• [Assignment]: Copy the closing run of lines, from the one with "Girandoni air rifle" through the last line of the listing, exactly and without any pictures.

• [Information provided]:
Start of Block

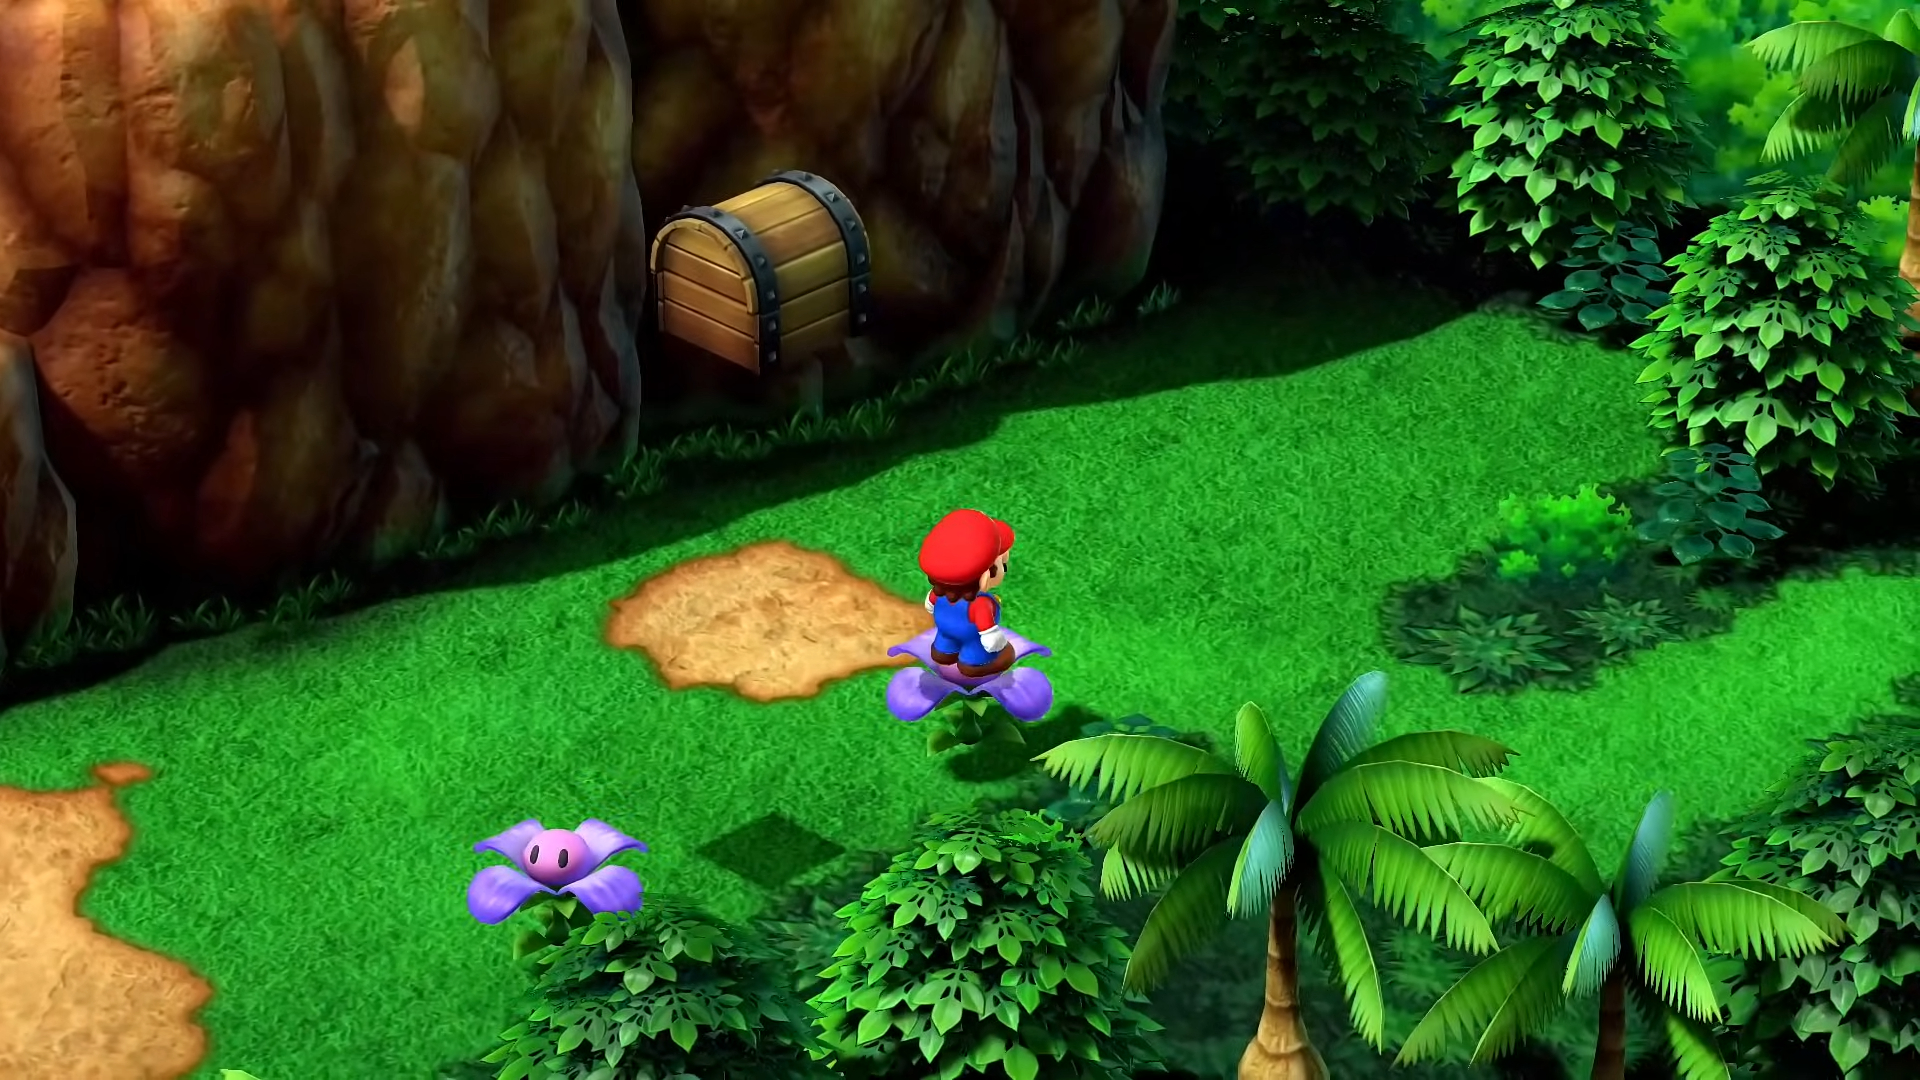 Mario standing on a flower.
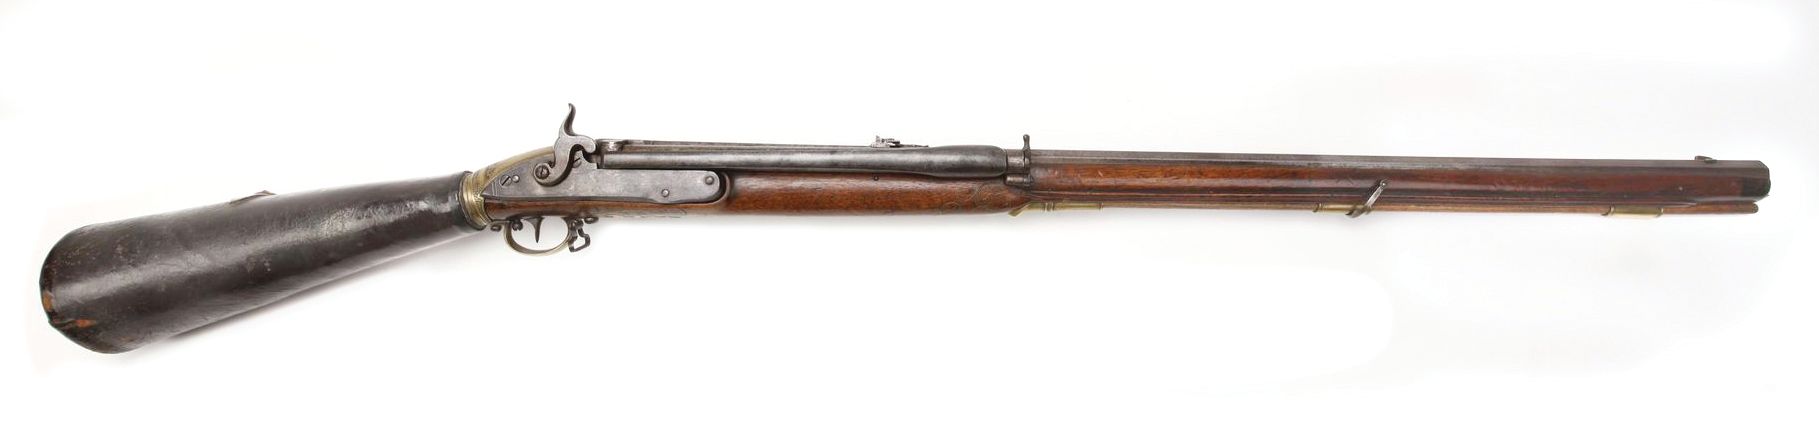 Girandoni air rifle with compressed air in the stock. © National Firearms Museum
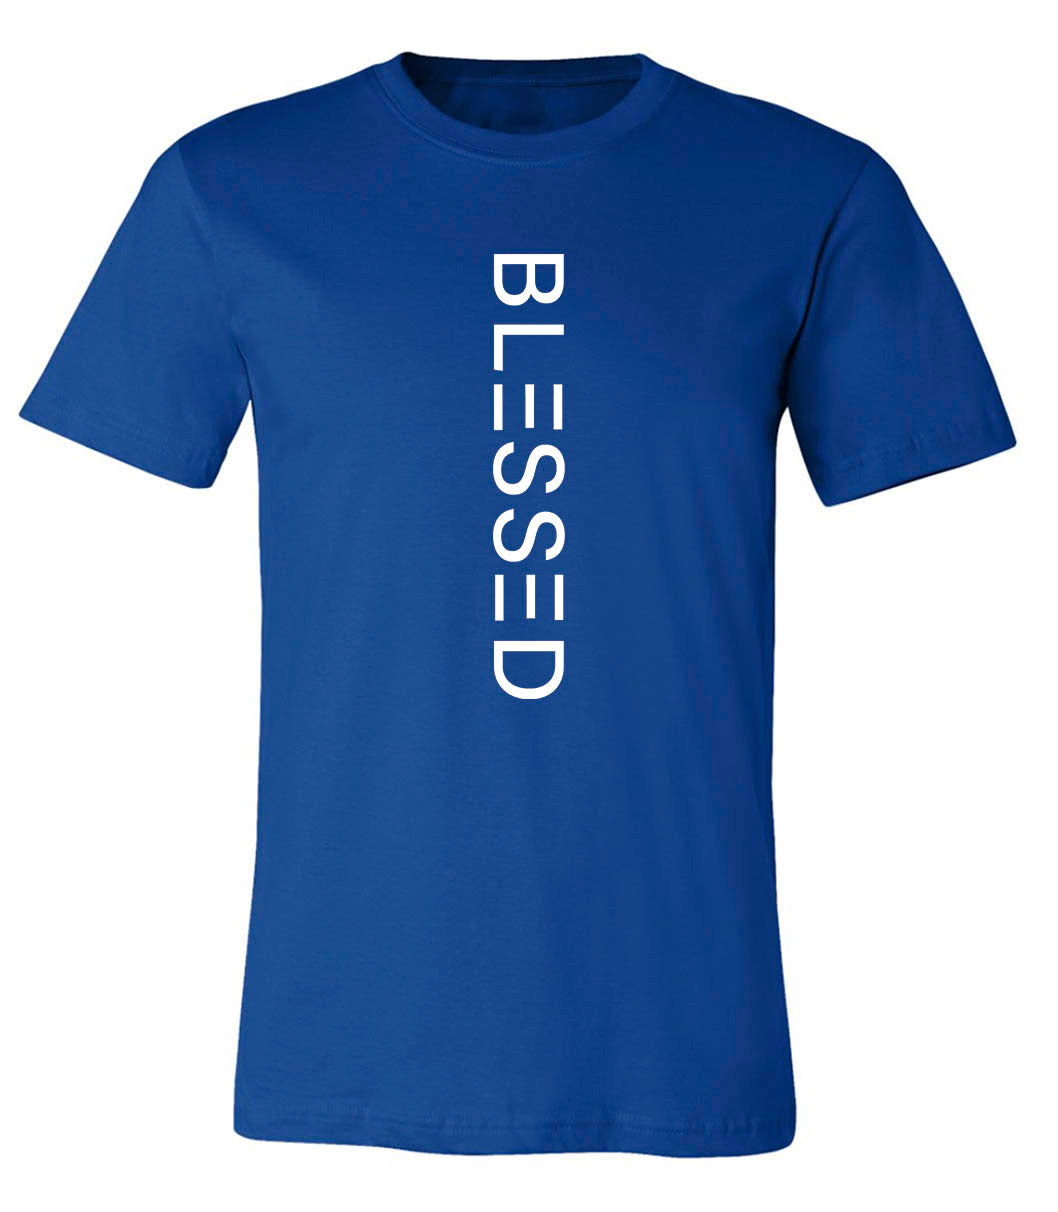 Royal Blue Blessed tshirt with vertical text. Short sleeve soft feel

End of Block

• [Solution to the exercise]:
 Girandoni air rifle with compressed air in the stock. © National Firearms Museum
 Royal Blue Blessed tshirt with vertical text. Short sleeve soft feel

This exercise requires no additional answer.